February
16
Lab 6: EZNA Tissue DNA Kit Protocol (modified for ciliate samples) 2/15/18
Purpose:
The purpose of the lab was to extract cells in the pellet we obtained from the previous lab.
Procedure:
Before starting:
- Set heat block to 70° C
- Heat Elution Buffer to 70° C in the heat block
- Chill PBS to 4° C
Cell counts:
- Spin sample for 5 min at 3000 x g
- Remove supernatant using a p1000 and discard
- Add 1ml of PBS, washing the cells
- Spin for 5 min at 3000 x g
- Remove supernatant using p100 and discard
- Put 100 microliters PBS in each tube to resuspend cells, then combine the two samples into one tube
- Put 20 microliters of Iodine and 20 microliters of cells in a new tube and vortex
- Take 3, 2 microliter drops and examine them under the microscope. Record cell counts
- Combine 20 microliters of Iodine and 20 microliters of cells in a new tube and vortex briefly
Prepare the cell suspension:
- Wash the cells with cold PBS
- Resuspend cells in 200 μl of fresh PBS
- Add 25 μl OB Protease Solution. Vortex to mix thoroughly.
Lysis:
- Add 220 μl BL Buffer
- Incubate at 70°C for 10 minutes in the heat block. Briefly vortex the tube once during incubation.
Binding:
- Add 220 μl 100% ethanol. Vortex to mix thoroughly
- Insert a HiBind. DNA Mini Column into a 2 mL Collection Tube
- Transfer the entire sample from Step 5 to the HiBind. DNA Mini Column including any precipitates that may have formed
- Centrifuge at maximum speed for 1 minute
- Discard the filtrate and reuse the collection tube
Wash and Dry:
- Add 500 μl HBC Buffer to the column
- Centrifuge at maximum speed for 30 seconds
- After the HBC Buffer wash, discard the filtrate and collection tube.

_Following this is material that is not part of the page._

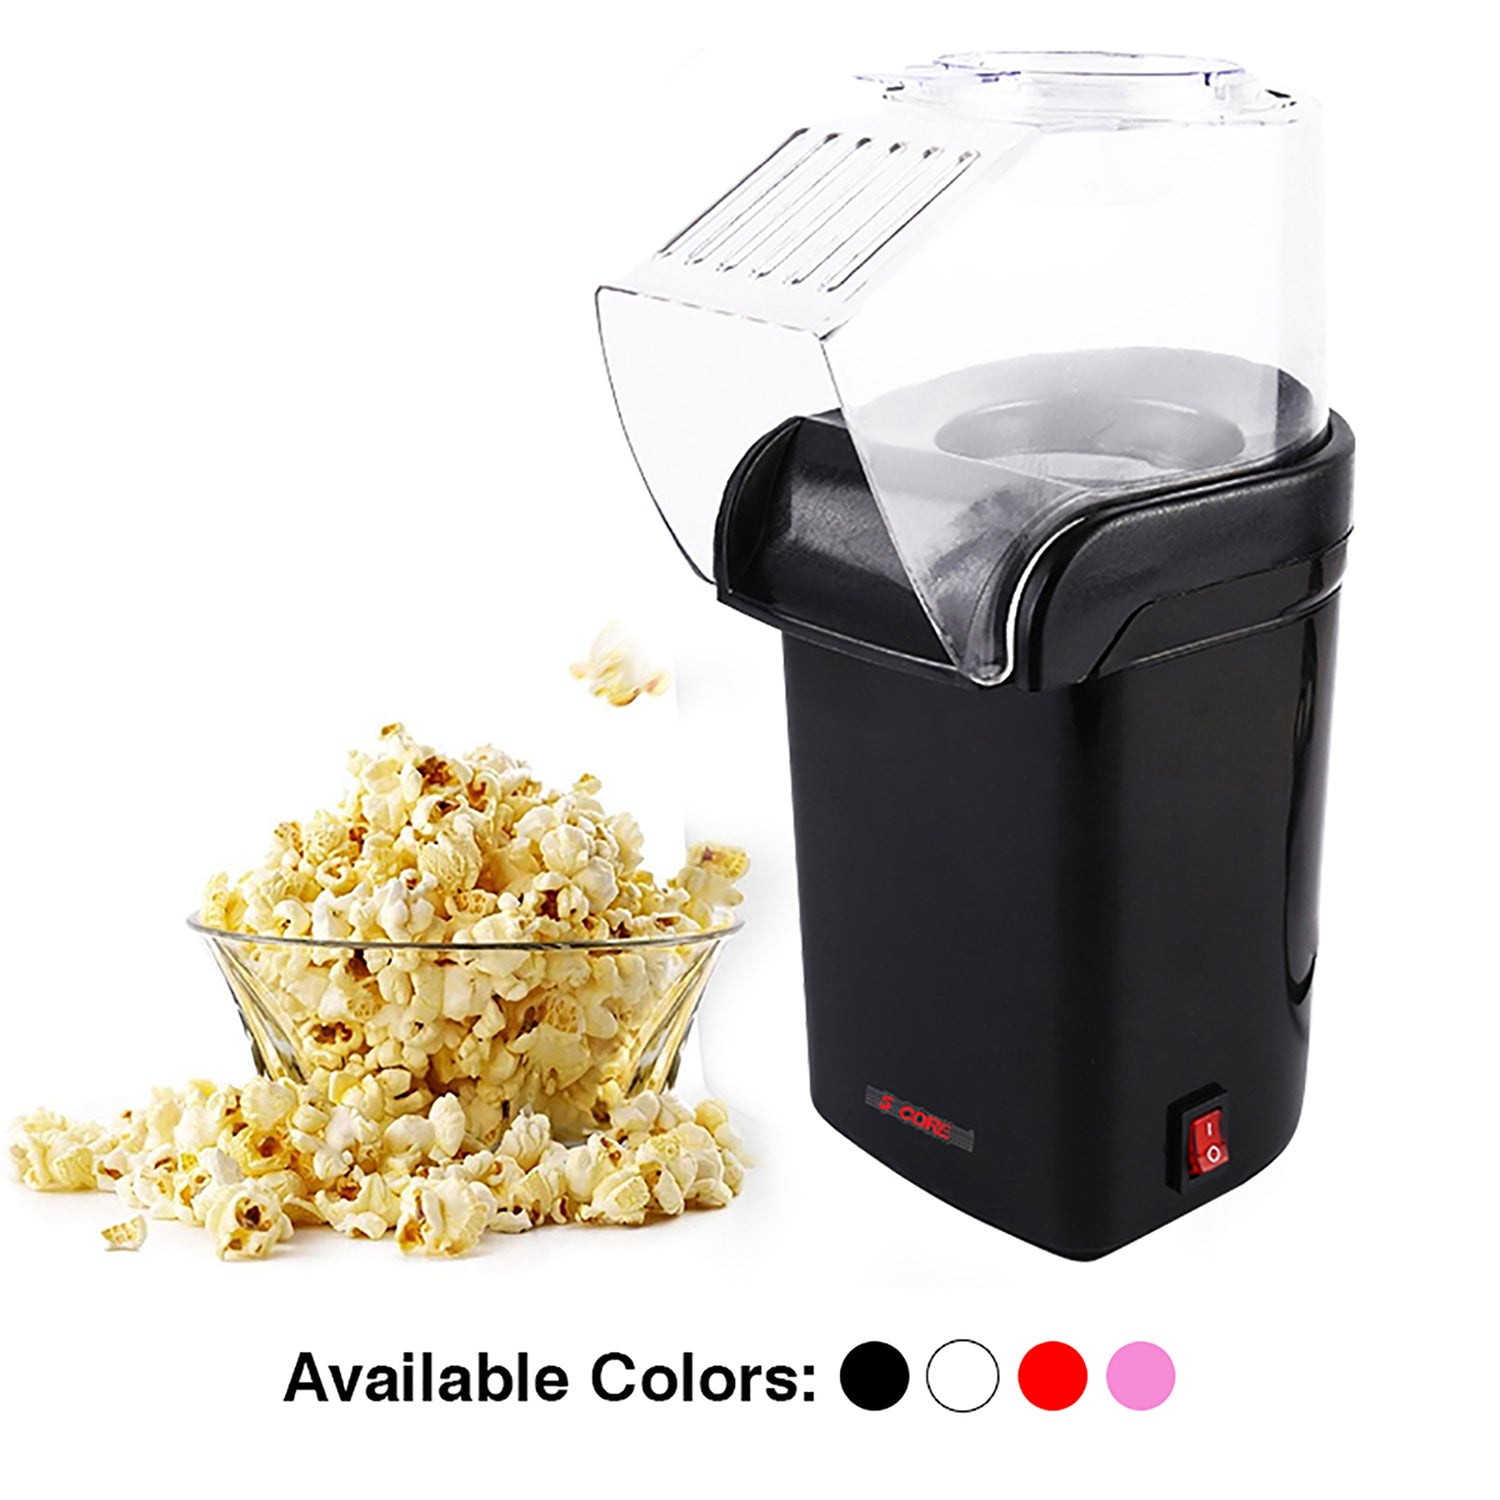 5Core Hot Air Popcorn Machine, 16 Cup, Electric Oil-Free Pop Corn Kernel Popper BPA-Free Food Safe Black

- Insert the HiBind DNA Mini Column into a new 2 mL Collection Tube.
- Add 700 μl DNA Wash Buffer.
- Centrifuge at maximum speed for 30 seconds.
- Discard the filtrate and reuse the collection tube.
- Repeat the steps for a second DNA Wash Buffer wash step
- Centrifuge the empty HiBind DNA Mini Column at maximum speed for 2 minutes to dry the column.
Elute:
- Transfer the HiBind DNA Mini Column into a nuclease-free 1.5 mL microcentrifuge tube. Make sure to label your tube with your name and date
- Add 100μl Elution Buffer heated to 70°C
- Let sit at room temperature for 2 minutes.
- Centrifuge at maximum speed for 1 minute
- Store eluted DNA at -20°C.
Data:
Under the microscope, I saw a yellow solution with a bunch of red dots and I ended up diluting it by a factor of 1:100 because it was too much to count and the drop I had was about 22 cells so that means there are a total of 2,200 cells in the 200 microliter suspension.
The microfuge tube was labeled SAM 2/15 on the top and group 2.7 DNA on the side.
The final sample was clear in color.
Conclusion:
In conclusion, the experiment was successful and the next step is to extract the DNA.